What is CBS upregulation?
CBS: (Cystathionine Beta Synthase) This enzyme converts homocysteine to cysteine and glutathione. This is an upregulation defect; it regulates the enzymes that help to convert homocysteine into glutathione, a major antioxidant. Mutations in the CBS genes will produce more sulfur end products from the methylation cycle.
What is the methylation pathway?
The Methylation Cycle is a biochemical pathway that manages or contributes to a wide range of biochemical functions: detoxification, supporting DNA (turning genes on and off), producing energy, reducing inflammation, synthesising neurotransmitters, homocysteine metabolism, protein methylation, phase 2 liver …
Where does methylation cycle take place?
blood vessels
The methylation cycle begins in the blood vessels with folate (B9) obtained from diet. When methylenetetrahydrofolate reductase (MTHFR) acts on folate, it picks up a methyl group, transforming into methyltetrahydrofolate (MTHF). MTHF is able to methylate homocysteine to methionine.
What is CBS testing?
A complete blood count (CBC) is a blood test used to evaluate your overall health and detect a wide range of disorders, including anemia, infection and leukemia. A complete blood count test measures several components and features of your blood, including: Red blood cells, which carry oxygen.
What is homocystinuria CBS related?
What Is Homocystinuria, CBS-Related? Homocystinuria is an inherited metabolic condition where there is excessive homocysteine in the body. Classic homocystinuria is caused by cystathionine beta-synthase deficiency (CBS deficiency) due to a mutation in the CBS gene.
What is the CBS enzyme?
Cystathionine beta-synthase (CBS) is the first enzyme in the transsulfuration pathway, catalyzing the conversion of serine and homocysteine to cystathionine and water. The enzyme contains three functional domains.
Is homocysteine genetic?
It has been recognized that some people have a common genetic variant (called methylenetetrahydrofolate reductase, abbreviated MTHFR) that impairs their ability to process folate. This defective gene leads to elevated levels of homocysteine in some people who inherit MTHFR variants from both parents.

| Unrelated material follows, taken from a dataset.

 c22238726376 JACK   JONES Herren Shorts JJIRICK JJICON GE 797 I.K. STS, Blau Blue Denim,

What do you need to know about the Yasko protocol?
The Yasko Protocol considers overall observations about The Methylation Pathway in addition to looking at specific SNPs, which can give a sense of some of the larger issues to consider in terms of the pathway as a whole.

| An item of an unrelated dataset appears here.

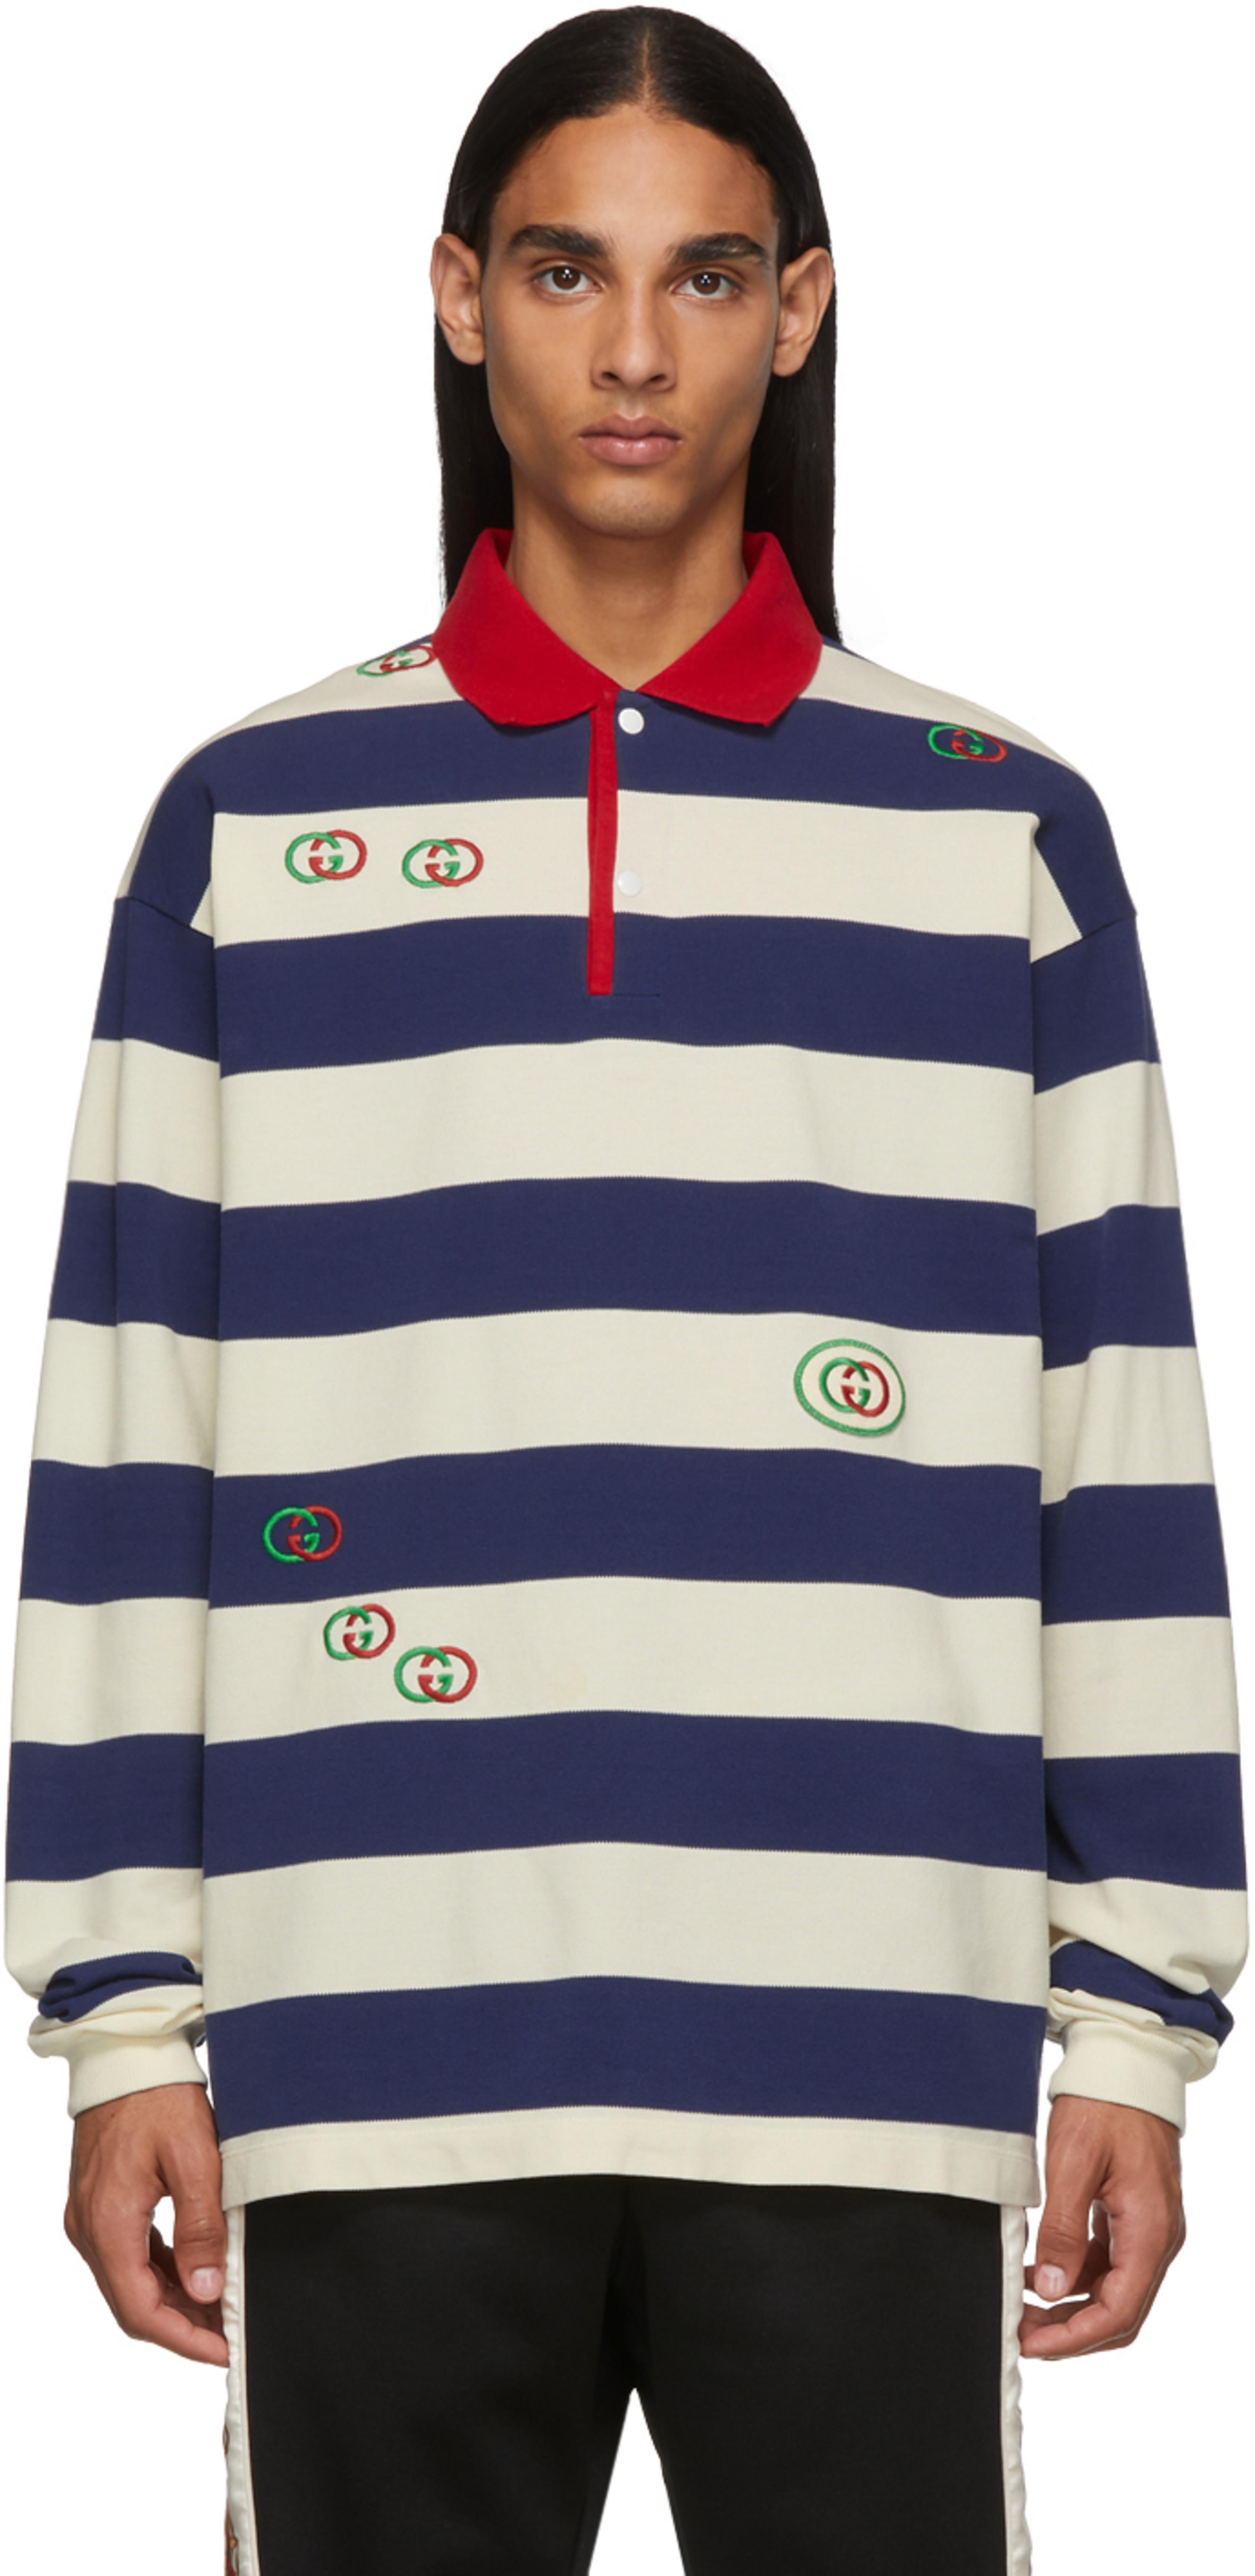 ca15e60ff020 Gucci for Men FW19 Collection | SSENSE UK

How many SNPs does dr.amy Yasko look at?
Dr. Amy looks at the interaction of the 30 SNPs in this pathway; this is unlike other programs that instead only focus on one or two SNPs. In spite of one or more serious imbalances in the pathway, an individual’s unique combination of SNPs can be viewed as the body’s effort to have The Methylation Cycle function.
Is the upregulation of the CBS enzyme harmful?
Upregulation of the CBS enzyme via two genetic polymorphisms has been theorized to be possibly detrimental for some conditions, based on the work by Dr. Amy Yasko in autism.
How did dr.amy Yasko get into autism?
Dr. Amy’s journey into the field of Autism was an organic process that evolved over time. While she began in adult neurological inflammation, life took her in the direction of Autism. Dr. Amy did not plan this path but is so grateful that it found her.